◆ **Task**
What is needed is an exact copy of the lines in the entries below from the one holding "Main Image - Stuart" through the one holding "Mosquito Pest Control Singapore - Greencare", pictures excluded.

◆ **Given data**
● ● ● ● ●
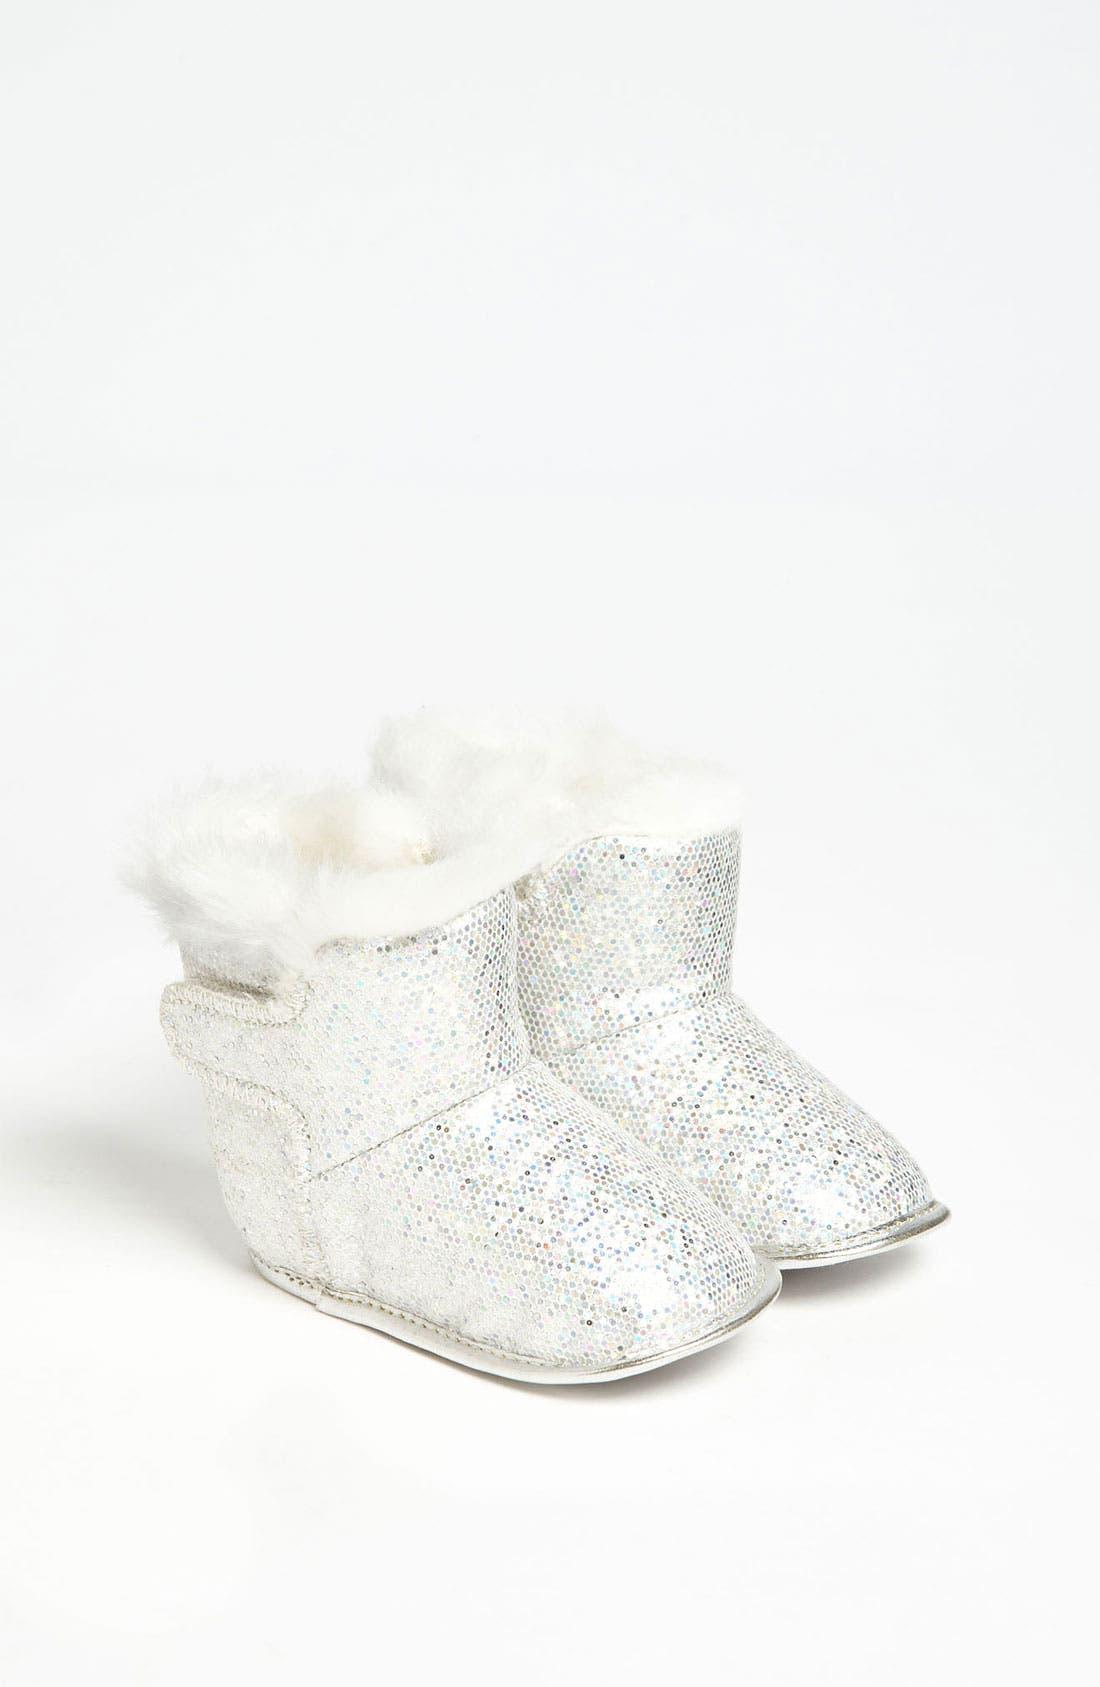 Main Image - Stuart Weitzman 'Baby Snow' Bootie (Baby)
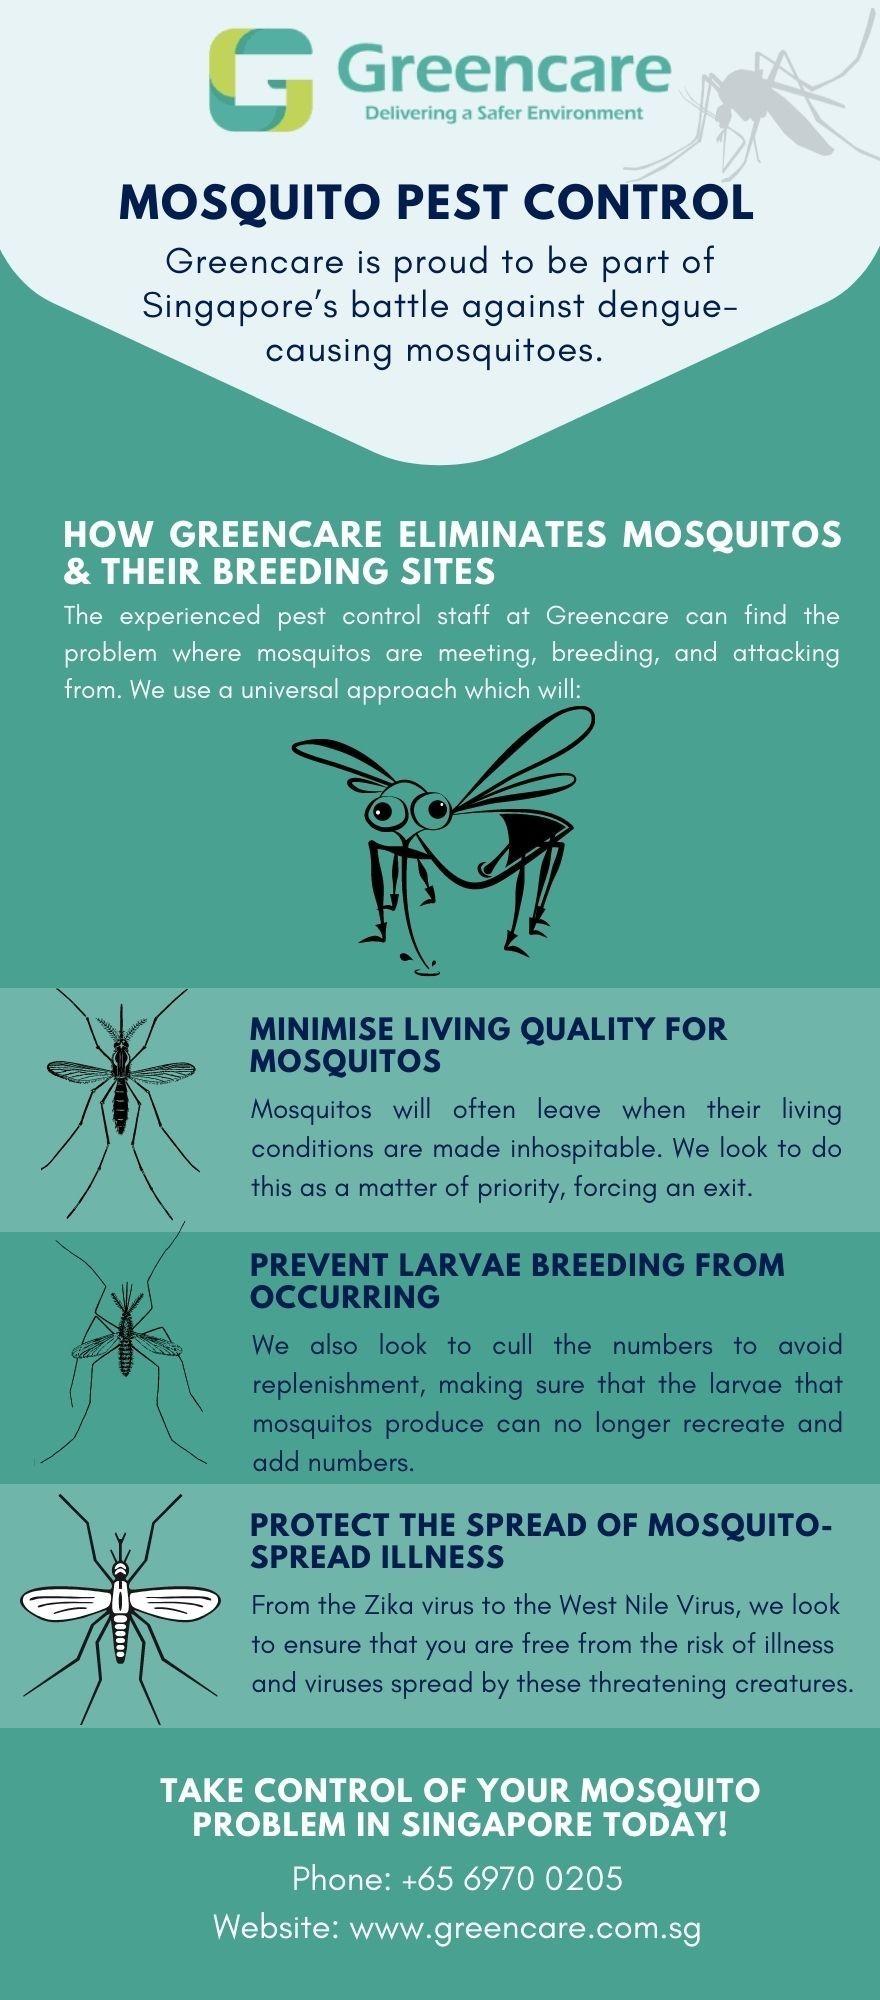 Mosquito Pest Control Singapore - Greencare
● ● ● ● ●
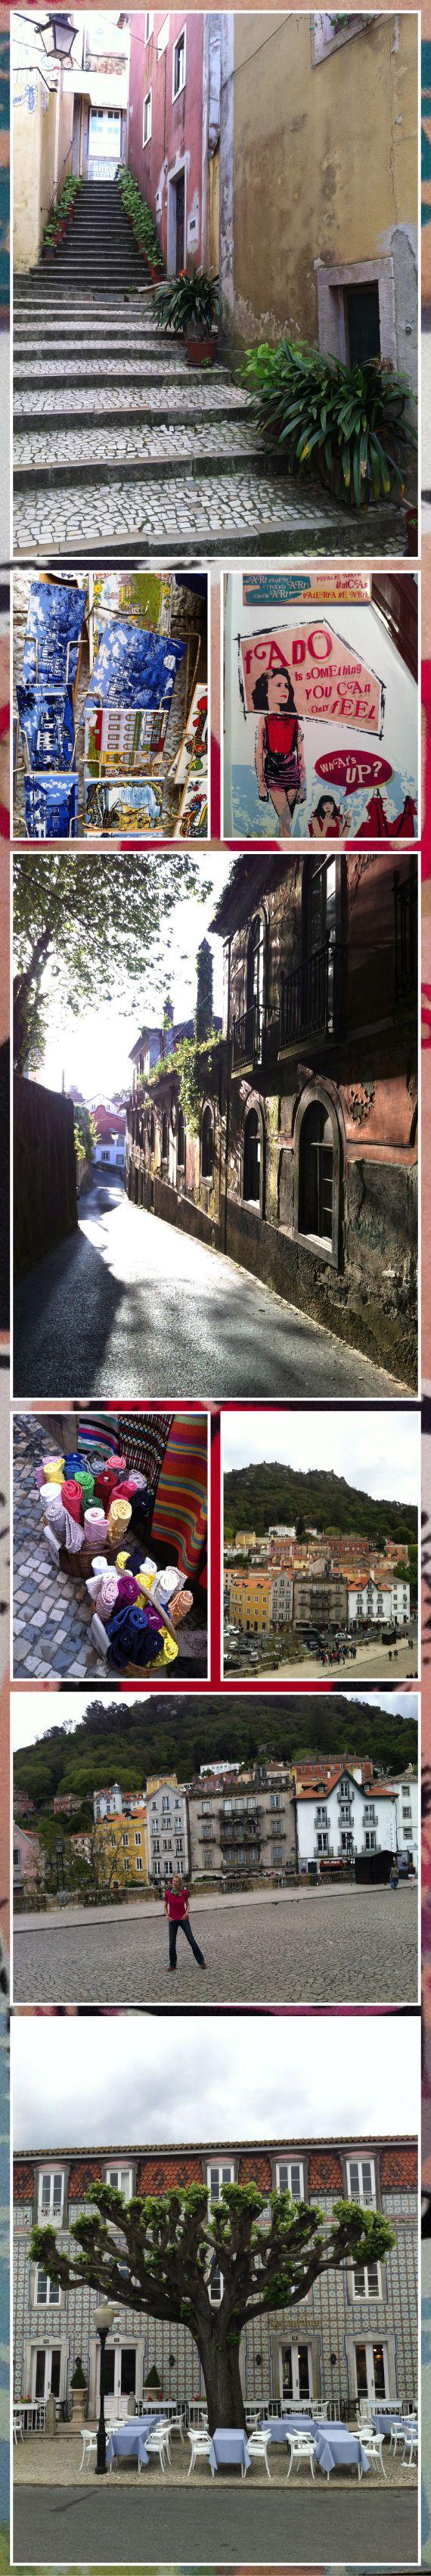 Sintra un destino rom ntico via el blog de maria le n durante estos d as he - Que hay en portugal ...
● ● ● ● ●
◆ **Answer to this task**
 Main Image - Stuart Weitzman 'Baby Snow' Bootie (Baby)
 Mosquito Pest Control Singapore - Greencare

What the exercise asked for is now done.